17 de noviembre de 2015

Mamíferos mexicanos en peligro de extinción




Introducción.

Tomando como base la lectura del articulo llamado “Mamíferos mexicanos en peligro de extinción”,escrito por,  Miguel Ángel  Armella Villalpando, profesor titular del departamento de Biología de la UAM-Iztapalapa y Ma. De Lourdes Yañez López, profesora titular del departamento de Biotecnología en la UAM-Iztapalapa, en el cual se señala que a partir del inicio del siglo XXI la mayoría de las especies mexicanas de mamíferos se pueden considerar en peligro de extinción, amenazadas o al menos con problemas de conservación, esto se debe a la gran devastación que hemos hecho de bosques, selvas, desiertos, arroyos, playas, mares, etcétera.
Para ofrecer una mejor comprensión de la idea que los autores exponen en su artículo la lectura estará dividida en varios subtemas que nos ayudaran a comprender de una mejor manera esta situación.
La Norma oficial mexicana (NOM-059-2001-SEMARNAT) proporciona una lista de 295 especies y subespecies de mamíferos en alguna categoría de riesgo. Esto es sumamente grave, ya que de no darse un cambio en las estrategias de desarrollo, toda esta riqueza se podría perder en muy poco tiempo.
Desde edentados (Orden Xenarthra) como los armadillos, hasta cetáceos (ballenas), México es rico en mastofauna. En la biodiversidad de grupos de mamíferos encontramos, además de los ya mencionados, a los marsupiales (tlacuaches), pinnípedos (focas y leones marinos), lagomorfos (conejos y liebres), ungulados (venados), perisodáctilos (pecarís), insectívoros (musarañas) y los muy especiales sirénidos (manatíes). Lamentablemente en todos estos grupos encontramos especies en peligro de extincióno gravemente amenazadas.
Destacar que para el año 2010, el gobierno mexicano reconoció que hay 71 nuevas especies y subespecies en categoría de “riesgo”, esto en comparación con el año 2001.
Según datos de la Unión Internacional para la Conservación de la Naturaleza, colocaba a México en el quinto lugar mundial de las especies en peligro, por debajo de Ecuador, Estados Unidos, Malasia e Indonesia; pero con la clasificación de la NOM 059 del año 2010, pasaría al segundo lugar en las categorías de “en peligro” y “amenazada”.
El 10% de todas las especies vivas en el mundo pueden encontrarse en México, lo que lo convierte en uno de los países mas diversos, con 64,878 especies conocidas y mas de 900 especies endémicas, es decir, exclusivas del territorio nacional.

Causas generales.

A pesar de  que resulta muy  difícil englobar las  causas de  desaparición de  las  especies, podemos decir  que en la mayoría de ellas se debe a la destrucción del hábitat en nuestro país; sin embargo, debido a muchos factores estamos deteriorando seriamente las selvas del sur, al igual que los bosques y pastizales del norte, incluyendo por supuesto playas, manglares, etcétera, reduciendo así  la capacidad de los animales por encontrar sitios  adecuados para su sobrevivencia y reproducción.
La  cacería ilegal  sigue siendo un  grave problema: la  falta  de  regulaciones efectivas e incentivos, propician que muchos pobladores salgan a cazar sin  una regulación de temporada, época reproductiva, etcétera.
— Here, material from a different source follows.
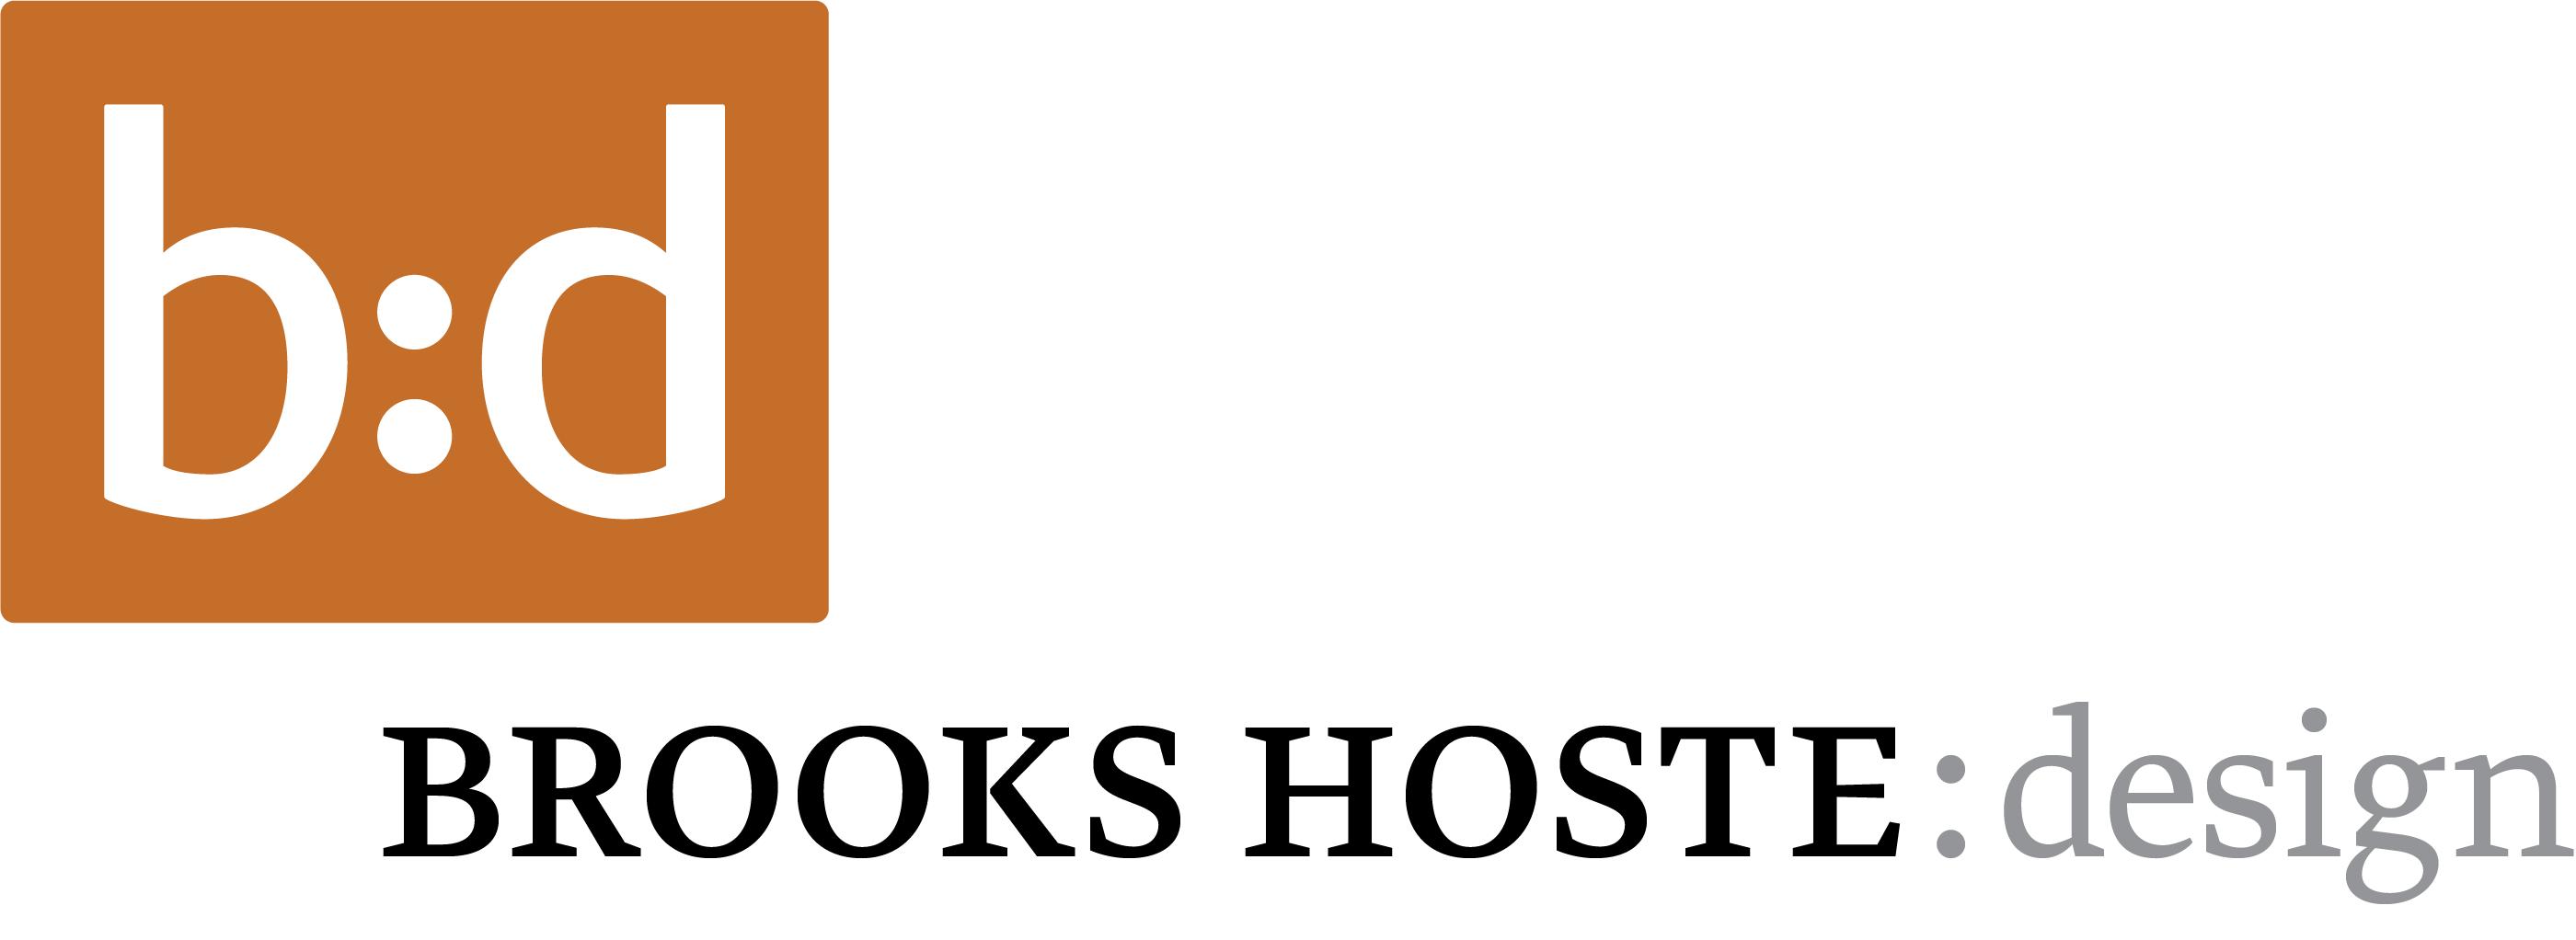 Brooks Hoste Design

Muchos aún justifican en la caza de subsistencia las  cacerías sin  control ni beneficio para las  poblaciones.
La mayoría de las especies en peligro de extinción o amenazadas tienen esta condición debido a diversos factores porque sus hábitats específicos están desapareciendo. Para muchas de ellas esto se debe a que tienen en   poblaciones pequeñas, adaptadas a condiciones muy  particulares en la gran cantidad de microambientes que se forman en el territorio nacional, gracias a que éste se encuentra en una zona de transición sur-norte.
En las últimas estimaciones señalan que en México se han perdido alrededor del 50% de los ecosistemas naturales, las causas son diversas pero las señaladas en el artículo son: perdida de hábitats, especies invasoras, sobrexplotación, contaminación y cambio climático.
 Las principales transformaciones se han llevado a cabo en las selvas húmedas y secas, los pastizales, los bosques nublados y los manglares y en menor grado en matorrales y bosques templados. Los ecosistemas más accesibles, productivos, con mejores suelos y en lugares planos han sido los más transformados.
La pérdida de hábitat sucede por el “cambio de uso del suelo” de ecosistemas naturales (bosques, selvas, pastizales, etc.) a actividades agrícolas, ganaderos, industriales, turísticas, petroleras, mineras, etc., 


La introducción de especies no nativas (exóticas) que se convierten en invasoras (plagas) es una causa muy importante de pérdida de biodiversidad. Estas especies que provienen de sitios lejanos de manera accidental o deliberada, depredan a las especies nativas, compiten con ellas, transmiten enfermedades, modifican los hábitats causando problemas ambientales, económicos y sociales.
La sobreexplotación es la extracción de individuos de una población a una tasa mayor a la de su reproducción. Cuando esto sucede la población disminuye. Esta ha sido la historia de muchas de las especies que se han explotado por distintas razones: las ballenas, los peces, venados, cactos, orquídeas. Muchas de ellas ahora se encuentran en peligro de extinción. Algunas especies son más vulnerables que otras por sus características biológicas como: distribución restringida, abundancia baja, tasa alta de mortalidad, tasa reproductiva baja, alta congregación de la población, entre otras.
Las actividades de cacería, tala, pesca, comercio ilegal de especies con distintos fines, afectan a las especies al sobreexplotar sus poblaciones. Los compradores de organismos y productos ilegales son cómplices de la sobreexplotación.
El aumento en la presencia de sustancias químicas en el ambiente como resultado de las actividades humanas tiene graves consecuencias para muchas especies. Las actividades industriales, agrícolas, ganaderas y urbanas contribuyen substancialmente a la contaminación de aire, agua y suelos lo que actualmente propicia que más especies se sumen a la lista en amenaza o en peligro de extinción.
Todos estos factores se deben a las actividades humanas y sus causas subyacentes son sociales, económicas y políticas.
Los efectos de nuestras actividades, que durante gran parte de la historia han sido de una escala pequeña, se han convertido de gran escala, llegando a afectar el clima de todo el planeta. El cambio global, ha pasado a ser una de las principales amenazas a la biodiversidad. 

Grupos particulares.

La gran mayoría de los pequeños mamíferos (roedores, quirópteros, pequeños carnívoros, etcétera) ven  en   la destrucción de  su hábitat la principal causa de  su desaparición; sin embargo, es importante destacar dos  grupos, que no  son  los  más numerosos pero importantes por  las  interacciones que tienen con  el ser humano y la poca atención que se les  ha  prestado en  sus problemáticas de  conservación: los mamíferos marinos y los grandes carnívoros.

Mamíferos marinos.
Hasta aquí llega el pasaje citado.